The court then enters upon a review of Anderson v. Knox, supra, and many other *4 case, and on page 642 of 49 Kan., on page 125 of 31 Pac., says in conclusion:

"We think the court erred in the admission of the evidence of Bowersock, as to what he received for his interest in the property covered by the deed * * * for the reason that such evidence was not supplemented with other testimony that such sum was a fair and reasonable value of his claim upon the conveyed premises, and that the findings and judgment of the court that such sum was fairly and reasonably paid are not supported by the evidence."

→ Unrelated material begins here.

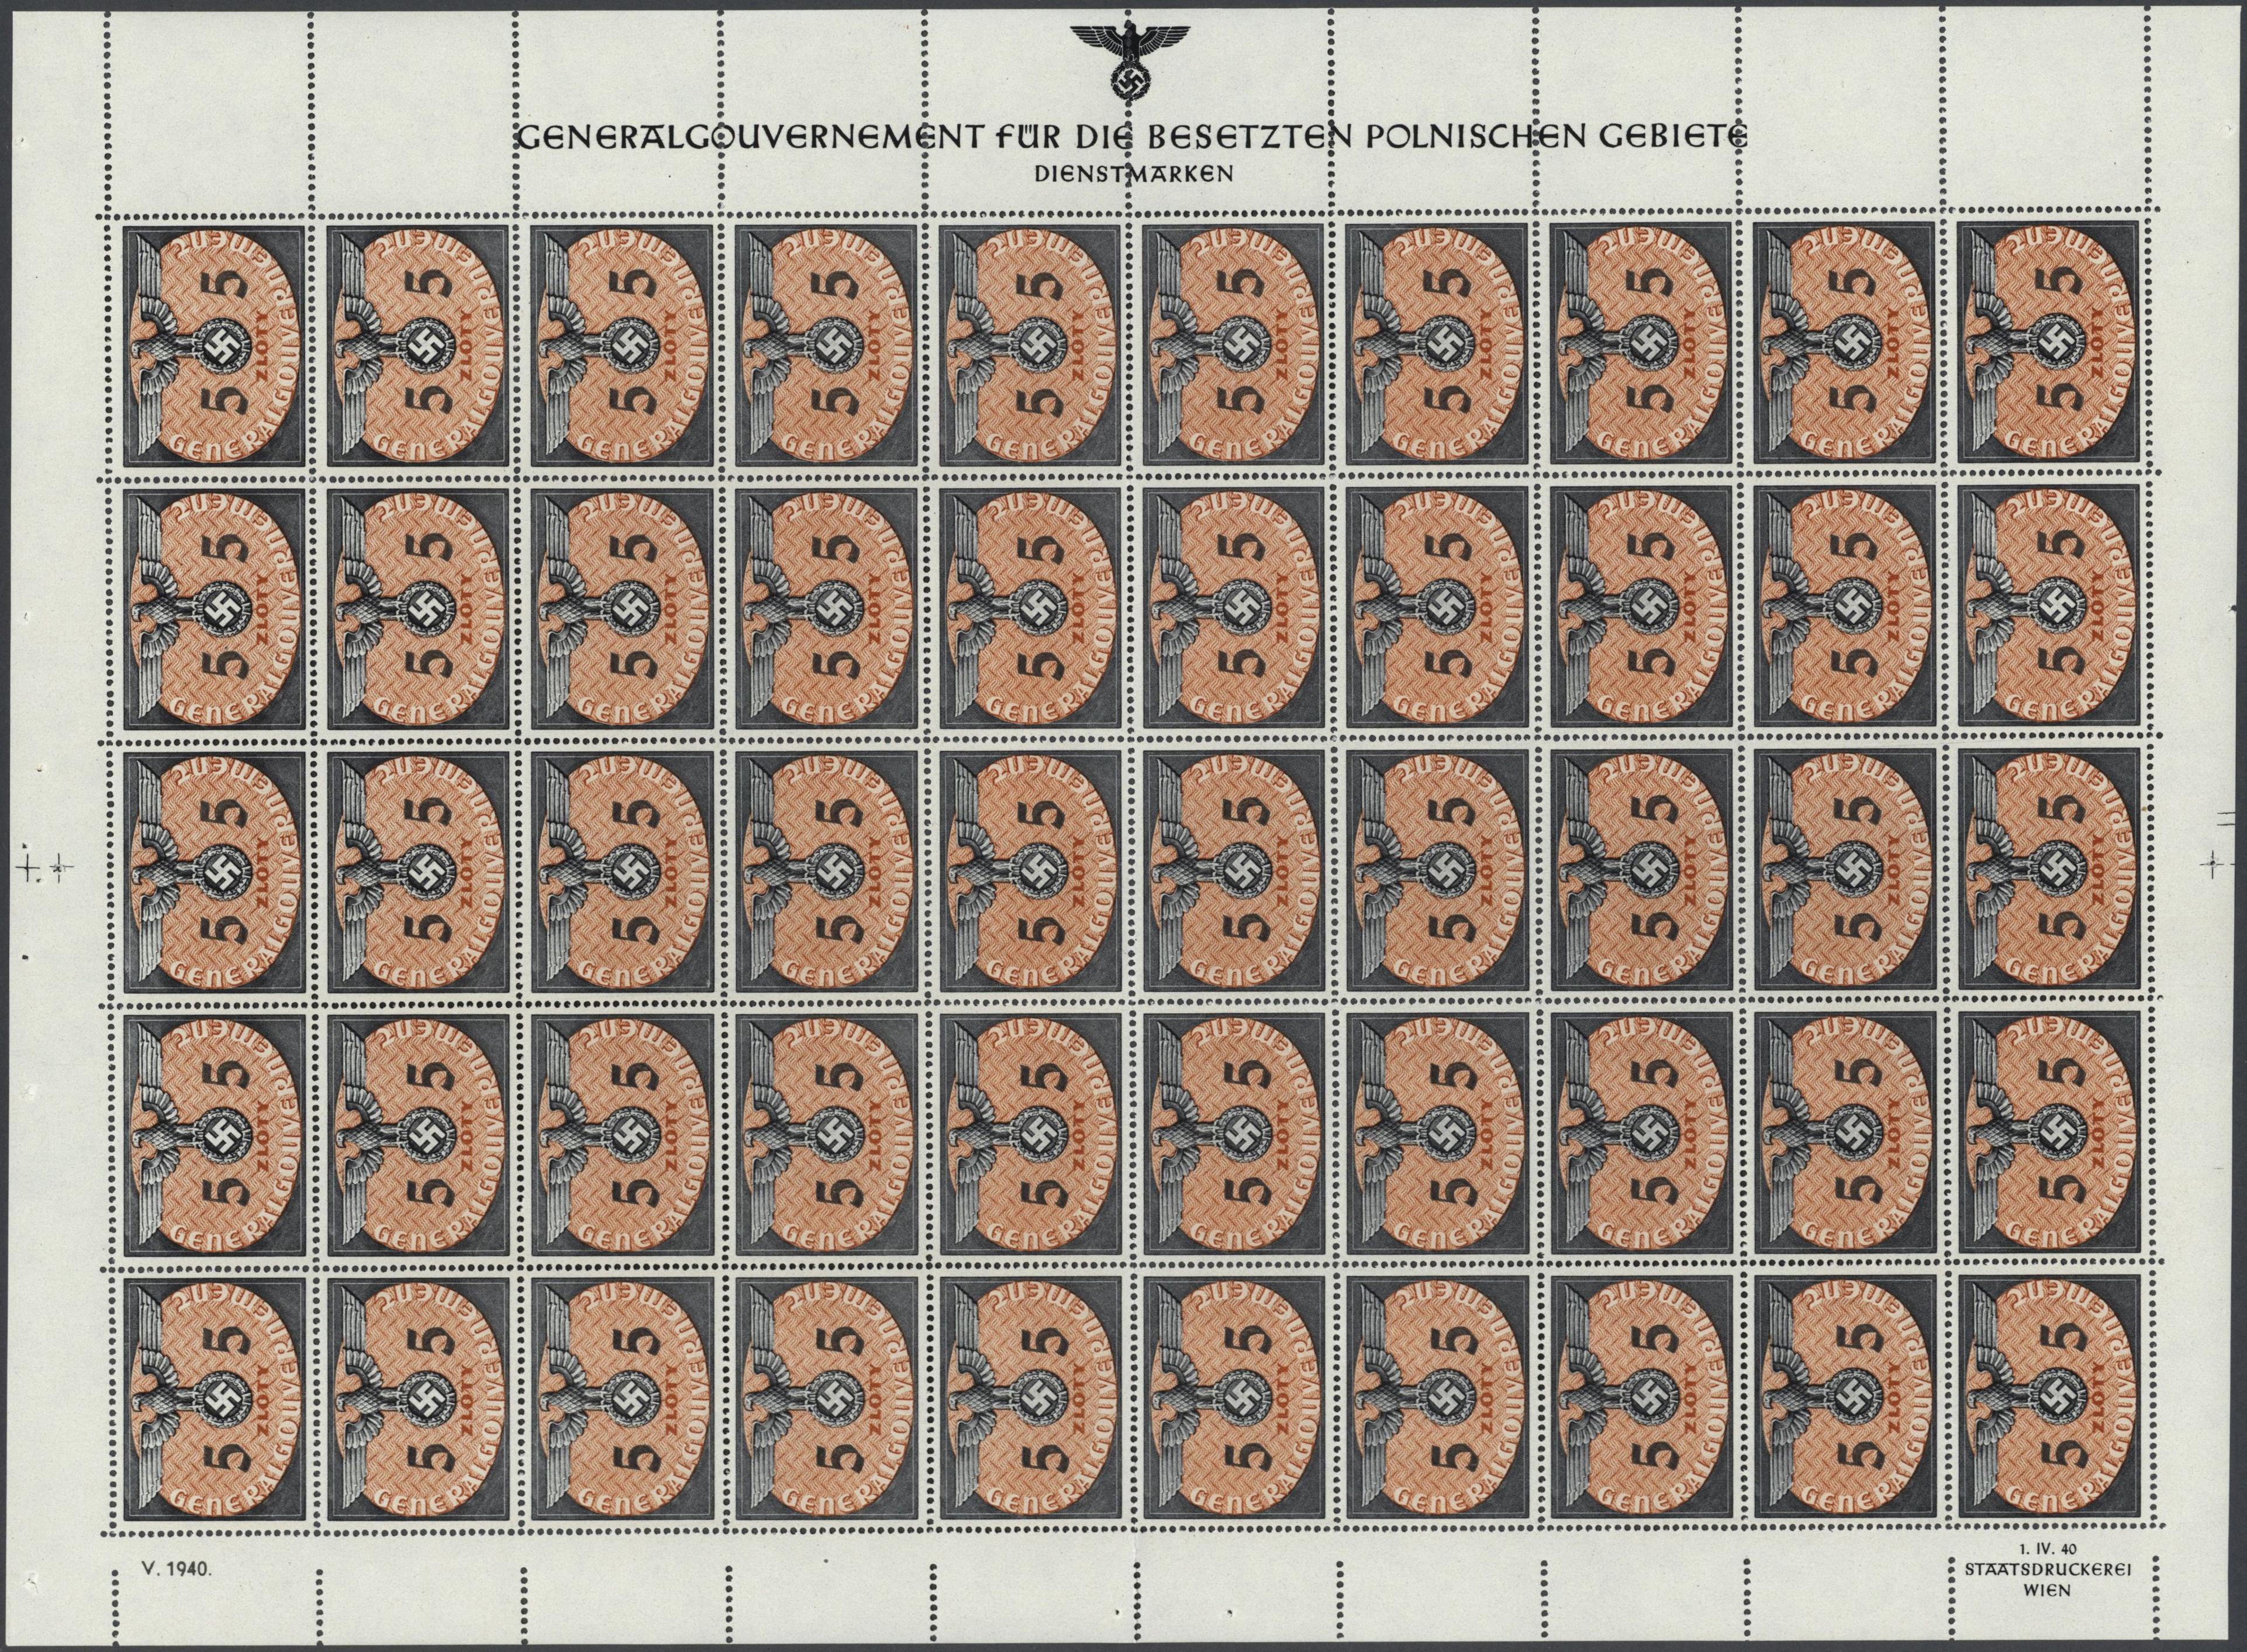 Lot 37107 - Dt. Besetzung II WK - Generalgouvernement - Dienstmarken  -  Auktionshaus Christoph Gärtner GmbH & Co. KG Sale #44 Collections Germany

The rule laid down in Anderson v. Knox, supra, has not only been followed in this state, but also in many other states of the Union. Holley v. Younge, 27 Ala. 206; Pate v. McMitchell,23 Ark. 590, 79 Am. Dec. 114; Walker, Adm'r, v. Deaver,5 Mo. App. 139, 149; Dickson v. Desire's Adm'r, 23 Mo. 167, 66 Am. Dec. 661; Guthrie v. Russell, 46 Iowa, 269, 26 Am. St. Rep. 135; Devlin on Deeds, §§ 918, 919; Sedgwick on Damages, § 980. Charge 13, requested by defendant, should therefore have been given, and its refusal was reversible error.

The bill of exception (page 34) informs us that upon the verdict in favor of plaintiff being returned to the court in this case, "the defendant in open court, and in the presence of the jury, and before the jury was discharged, and before any judgment was rendered upon said verdict, moved the court to render a judgment for the defendant non obstante veredicto." This motion was overruled and exception taken, and is now before us for review. The proceedings in the chancery court being utterly void, and not being sufficient to pass the lien of the city to the purchaser, for the reason that, no assessment being shown, no lien in the city's favor ever came into existence, the general charge requested by appellant should have been given; and the defendant being entitled to judgment in his favor, it was error not to have granted his motion for such judgment non obstante veredicto. Barton v. Gas Engine Co., 154 Ala. 275, 45 So. 213; Goehrig v. Stryker (C. C.) 174 Fed. 897; Holland v. Kindregan, 155 Pa. 156,25 A. 1077; Glennon v. Erie R. Co., 86 App. Div. 397,83 N.Y. Supp. 875; Hay v. City of Baraboo, 127 Wis. 1, 105 N.W. 654, 3 L.R.A. (N.S.) 84, 115 Am. St. Rep. 977; Larson v. American Bridge Co., 40 Wn. 224, 82 P. 294, 111 Am. St. Rep. 904; Casety's Case, 35 Wn. 478, 77 P. 800; Fisher v. Scharadin. 186 Pa. 565,40 A. 1091.

The judgment appealed from will be reversed, with instructions to the trial court to grant the motion made by the defendant for a judgment non obstante veredicto, as in this way only can the defendant obtain what he was lawfully entitled to at the time this motion was made.

Reversed and remanded, with instructions.